Stores a dataset with similar schemas in the same table, not in a separate table. Creating multiple small tables in Cloud Bigtable is a pattern that you should avoid because:
Insert the relevant columns into the same column family. If a row contains multiple values that are associated with each other, it is recommended that you group the columns that are contained in the column family. When you group data as closely as possible to avoid the need to design complex filters, you get only the information you need from frequently used read requests. Create up to 100 column families per table. Column Select the name of the family as short and meaningful. Put columns with different data retention requirements in different column families.
Handle column qualifiers as data. To reduce the amount of data sent from each request, name the column qualifier short and meaningful name. The maximum size is 16KB.
Do not store more than 100MB of data in a single row. Rows that exceed this limit may degrade read performance. Storing related items in adjacent rows makes reading more efficient.
Design the rowkey based on the query you want to use for data retrieval. Keep the row key short. Store multiple separated values in each row key. Row key segments are usually separated by delimiters such as colons, slashes, or hash symbols.
In particular, time series data's schema architecture. Cloud Bigtable is perfect for storing time series data. Cloud Bigtable stores data in unstructured columns and rows, each row has a row key, and the row keys are sorted alphabetically.
The most common time series issue in Cloud Bigtable is hotspot formation. This issue can affect any type of row key that contains monotonously increasing values.

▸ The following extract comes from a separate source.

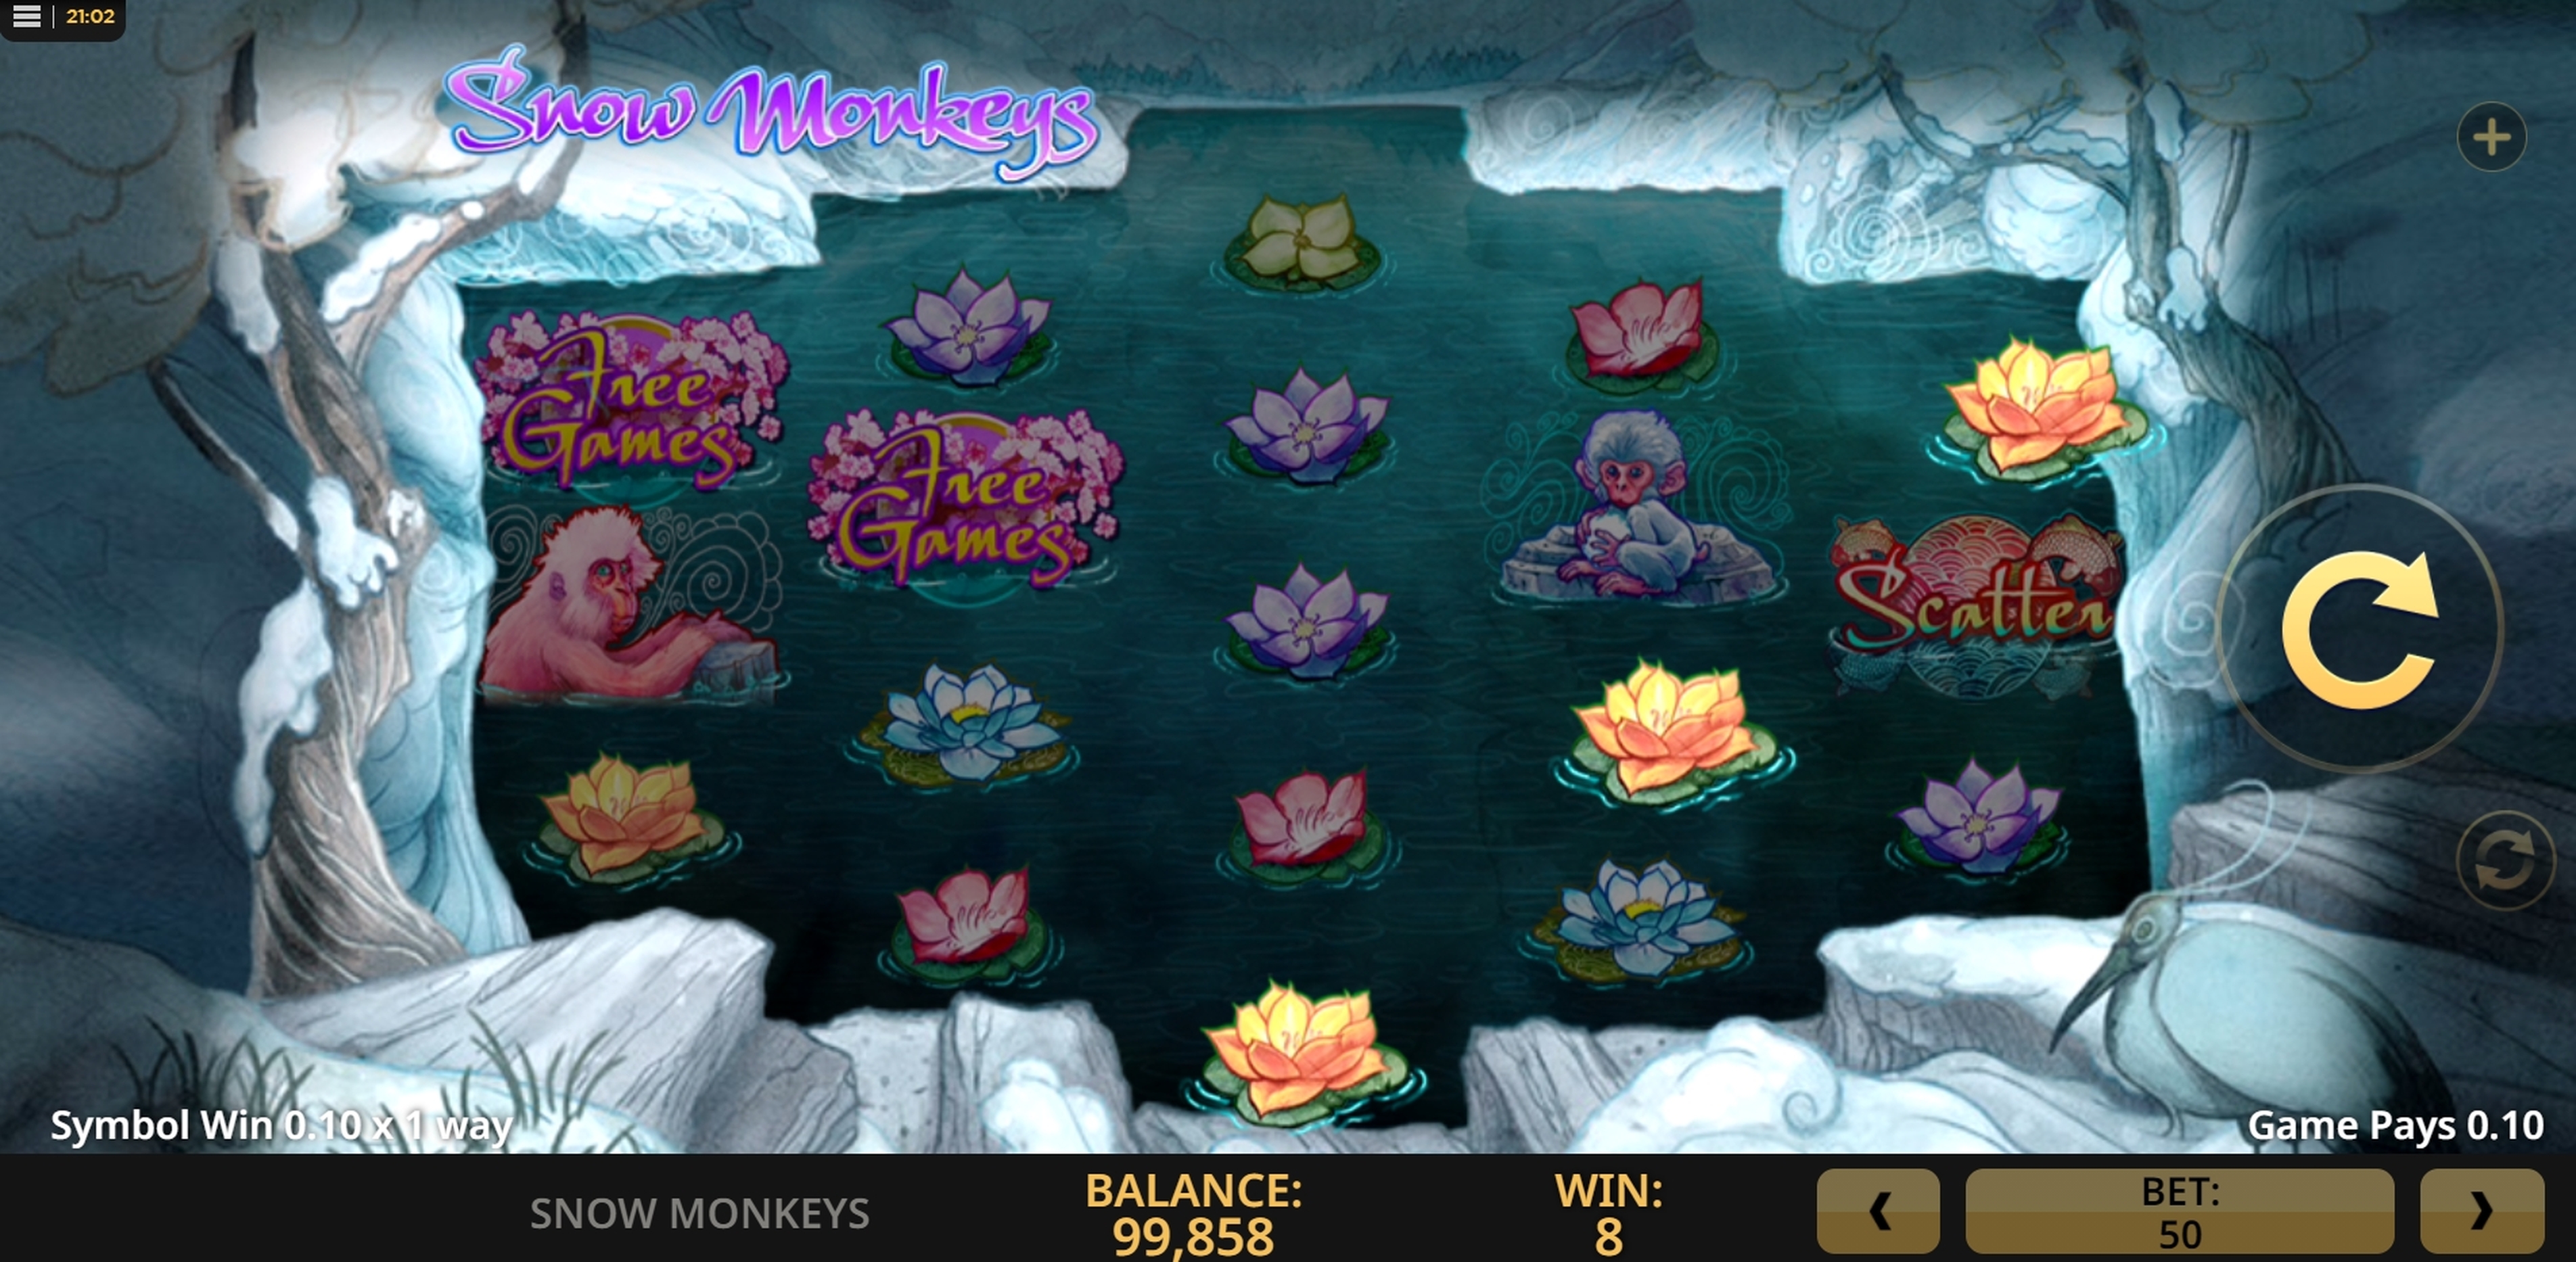 Win Money in Snow Monkeys Free Slot Game by High 5 Games

For example, if there is a service that uses the resident registration number as a low key, and it is especially popular among those born in 1998 to 2008, it will be difficult to perform properly because the data within the key range will be larger than other age groups, and the node responsible for the low key range will be heavily loaded in 98 to 2008. This particular range of low key data is called hotspot, and field promotion and sorting can be used to prevent this.


Hash divided as 3 because predicted number of clusters is 3.
![]
By default, field promotion is better. Field promotions prevent hotspot formation in almost any case and make it easier to design rowkeys to facilitate querying.Use sorting only if field promotion does not solve the load concentration problem.
When you create a Cloud Bigtable instance, select whether the cluster stores data on solid state drives (SSDs) or hard disk drives (HDDs). In most cases, SSD storage is the most efficient and cost-effective choice. HHD repositories are sometimes suitable for latency-sensitive, infrequently accessed, and extremely large datasets of more than 10TB.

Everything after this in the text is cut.